(What to produce): Please give the whole listing again exactly, without any of its pictures.

(Data extract):
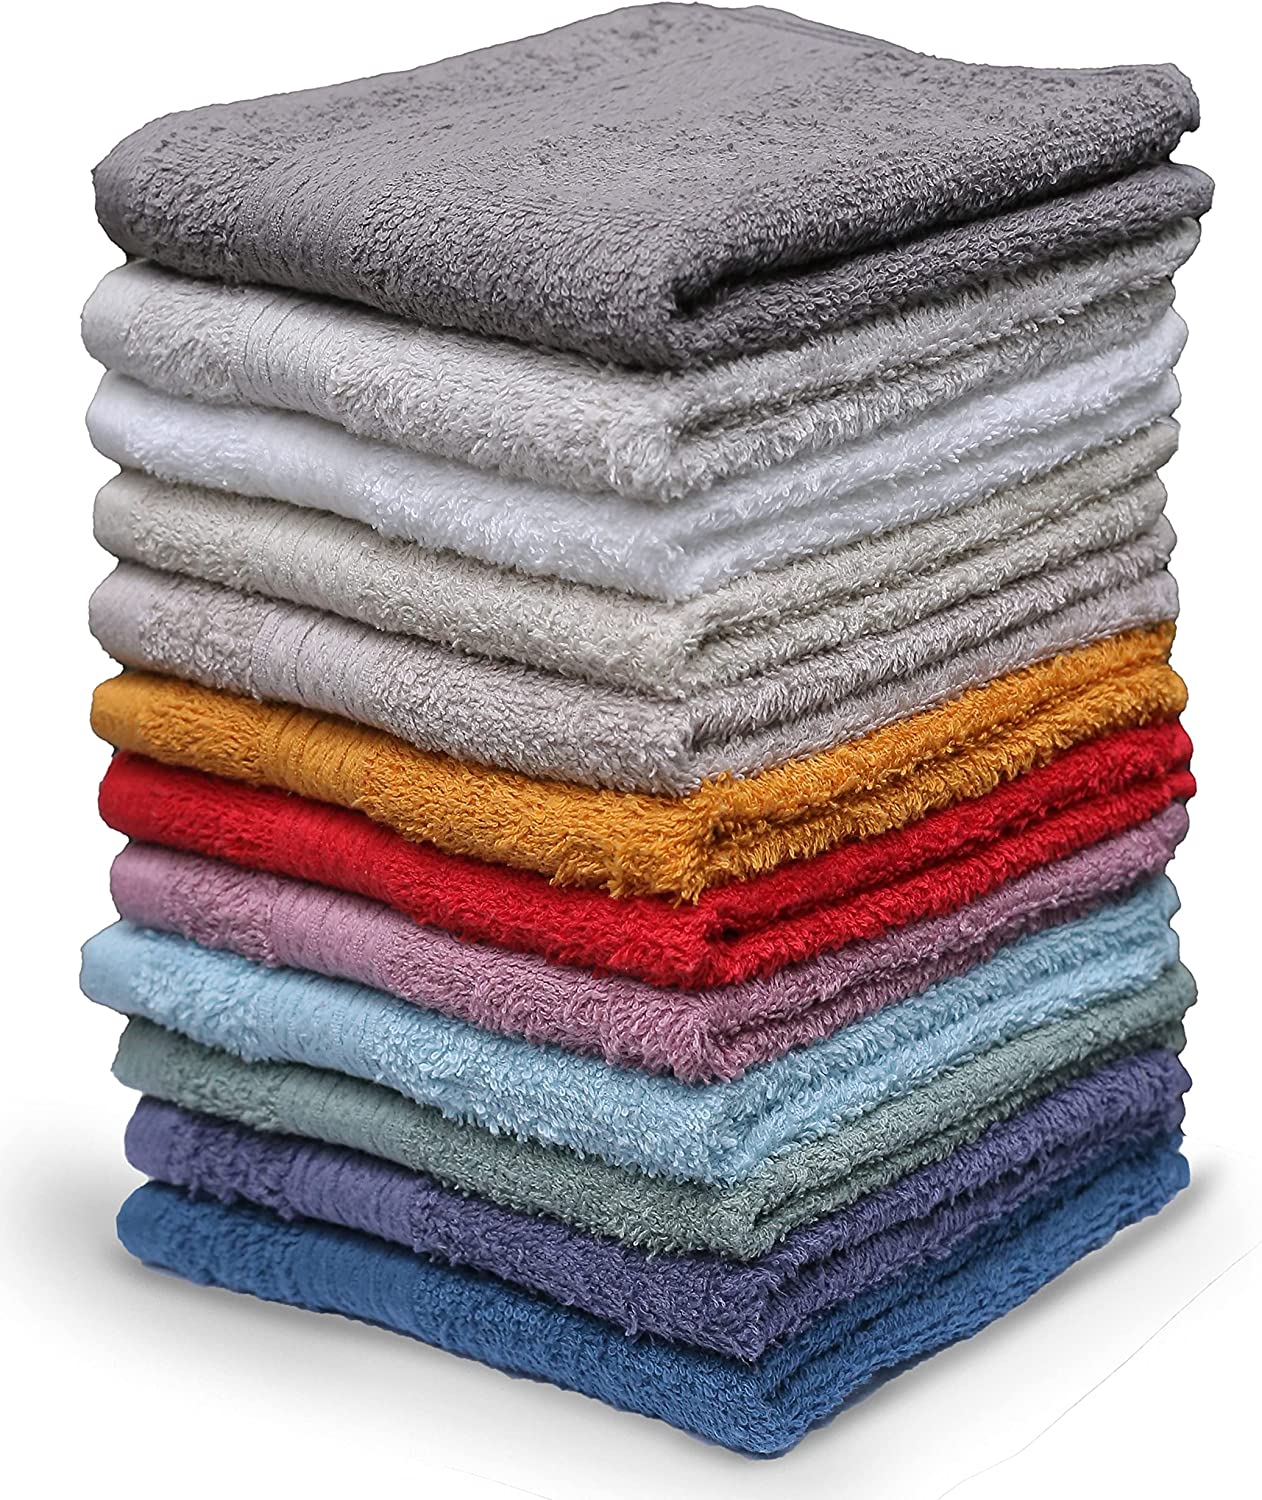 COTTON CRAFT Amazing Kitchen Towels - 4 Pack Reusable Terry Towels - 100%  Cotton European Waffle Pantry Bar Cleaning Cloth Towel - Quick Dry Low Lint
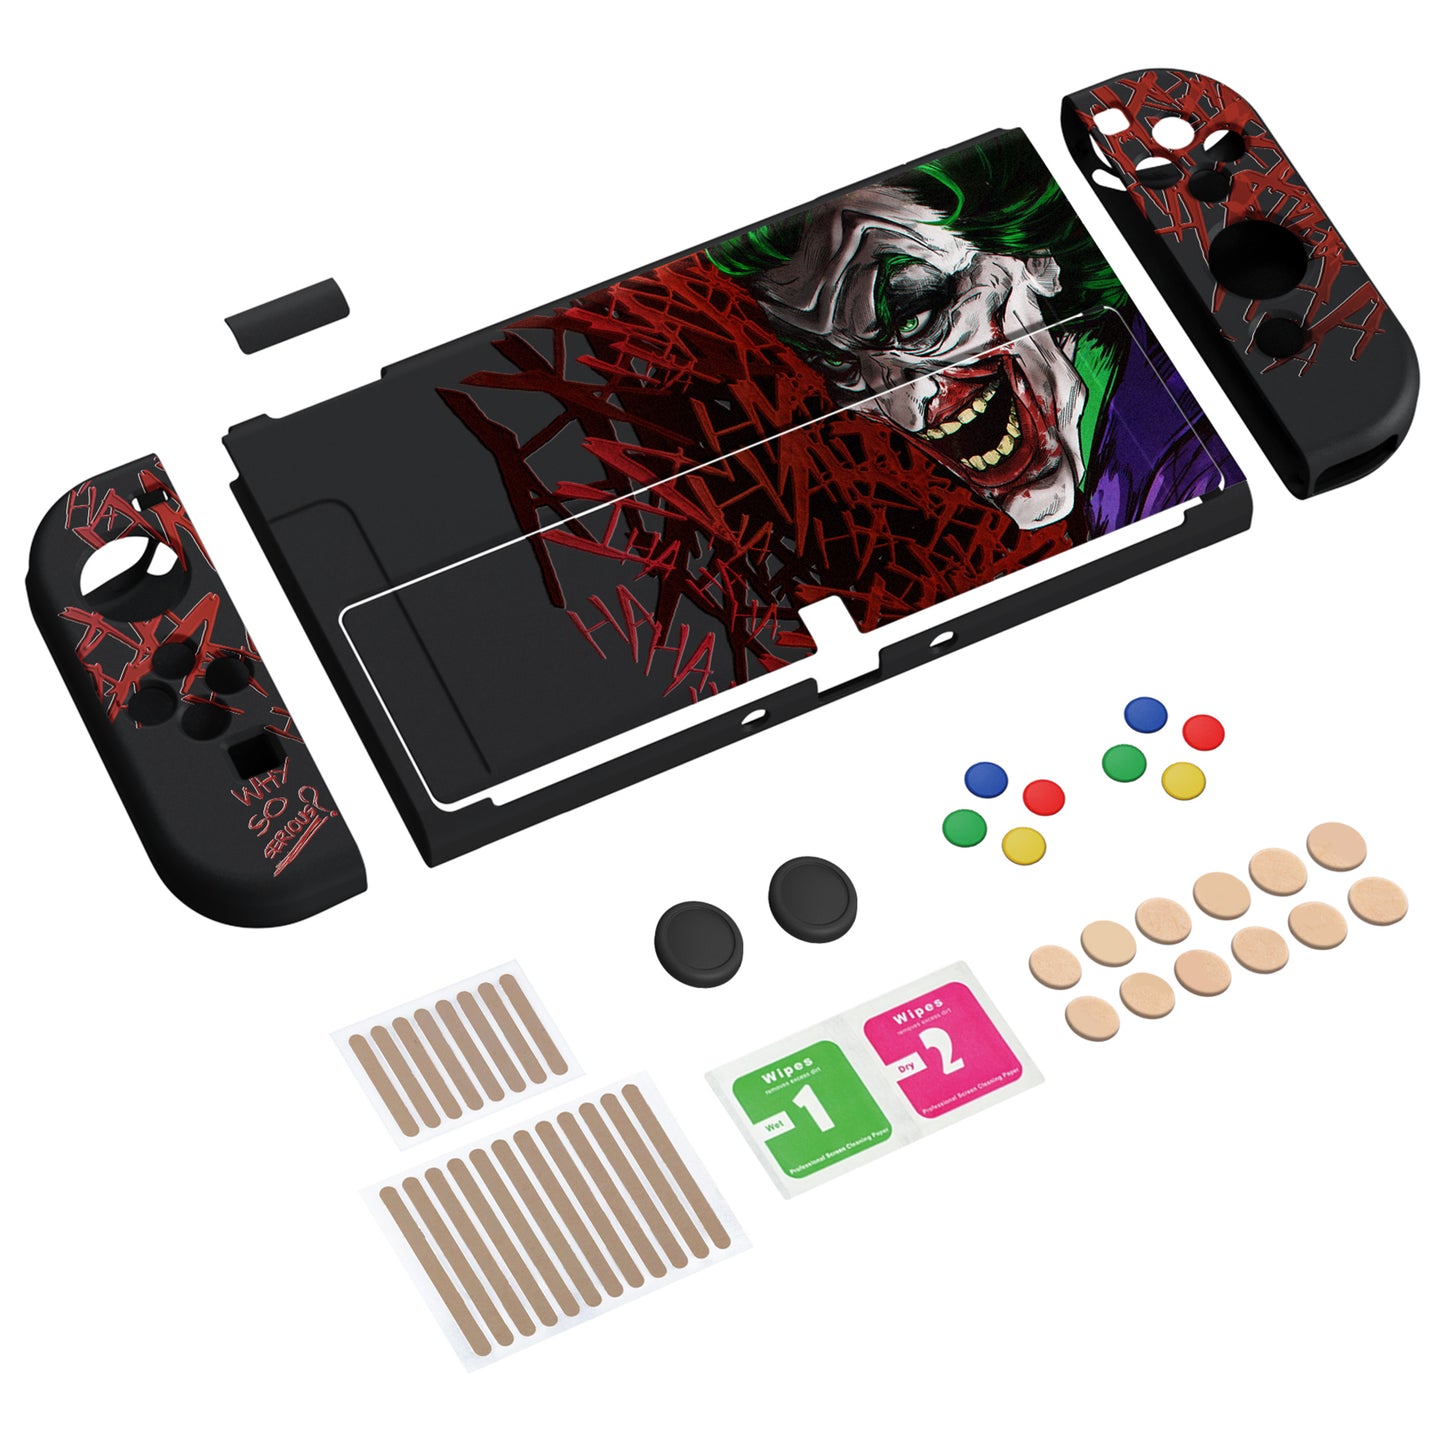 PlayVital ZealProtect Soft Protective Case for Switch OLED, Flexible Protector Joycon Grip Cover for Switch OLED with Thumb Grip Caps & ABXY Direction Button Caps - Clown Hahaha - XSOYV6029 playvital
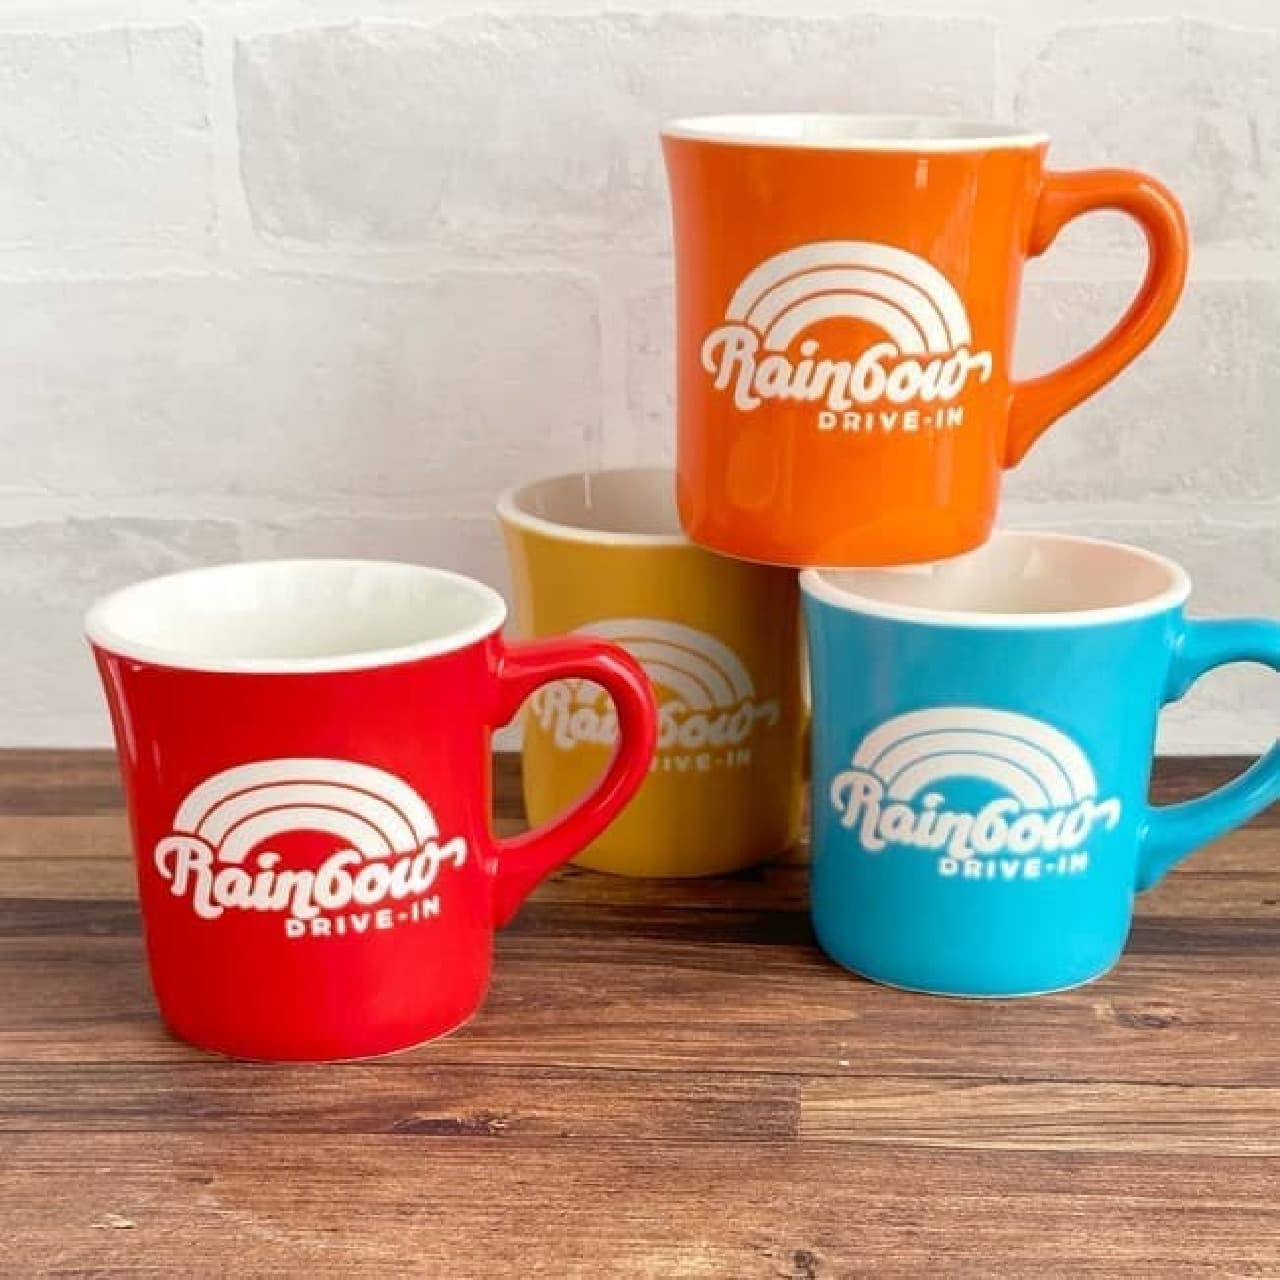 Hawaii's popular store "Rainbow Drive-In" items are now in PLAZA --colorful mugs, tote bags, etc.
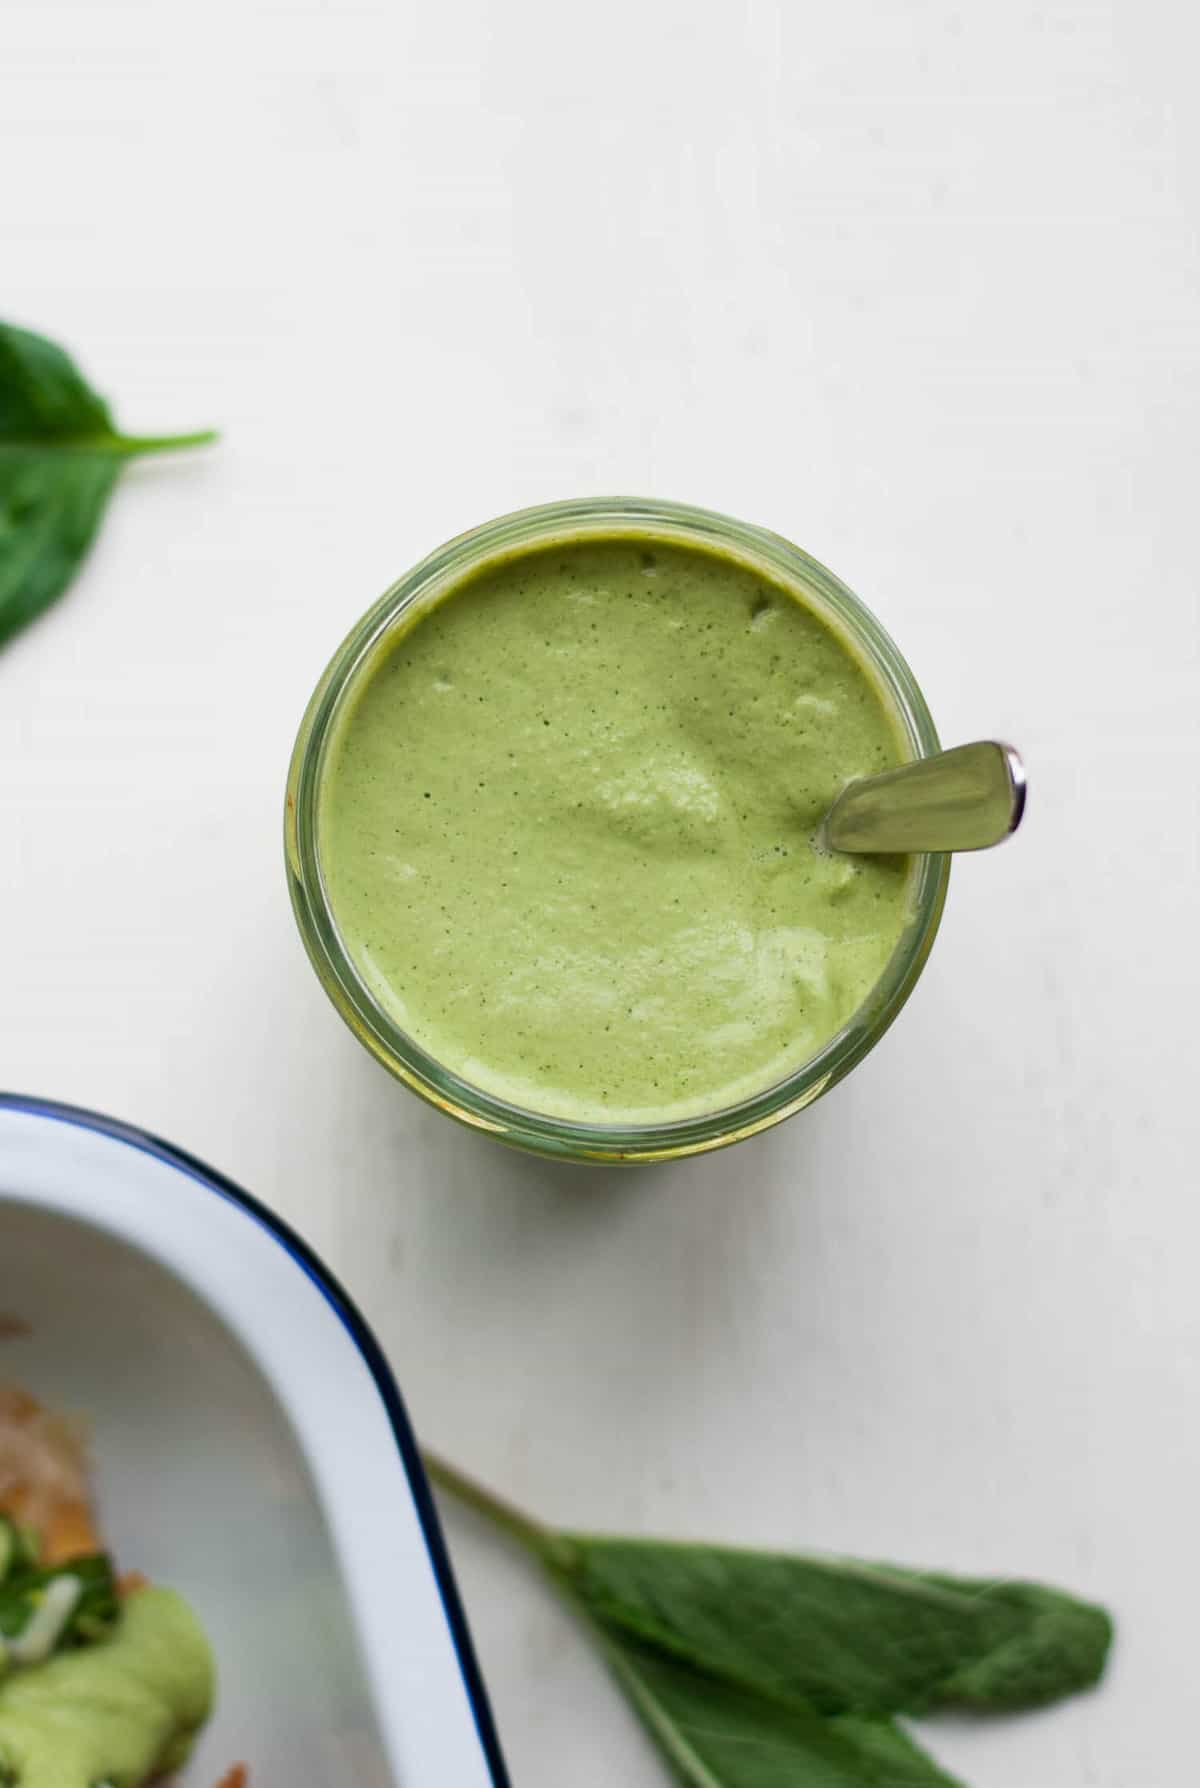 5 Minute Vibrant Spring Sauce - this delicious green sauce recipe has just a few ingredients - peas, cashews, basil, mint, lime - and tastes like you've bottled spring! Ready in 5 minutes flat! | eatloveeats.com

(Answer to the exercise):
 COTTON CRAFT Amazing Kitchen Towels - 4 Pack Reusable Terry Towels - 100%  Cotton European Waffle Pantry Bar Cleaning Cloth Towel - Quick Dry Low Lint
 PlayVital ZealProtect Soft Protective Case for Switch OLED, Flexible Protector Joycon Grip Cover for Switch OLED with Thumb Grip Caps & ABXY Direction Button Caps - Clown Hahaha - XSOYV6029 playvital
 Hawaii's popular store "Rainbow Drive-In" items are now in PLAZA --colorful mugs, tote bags, etc.
 5 Minute Vibrant Spring Sauce - this delicious green sauce recipe has just a few ingredients - peas, cashews, basil, mint, lime - and tastes like you've bottled spring! Ready in 5 minutes flat! | eatloveeats.com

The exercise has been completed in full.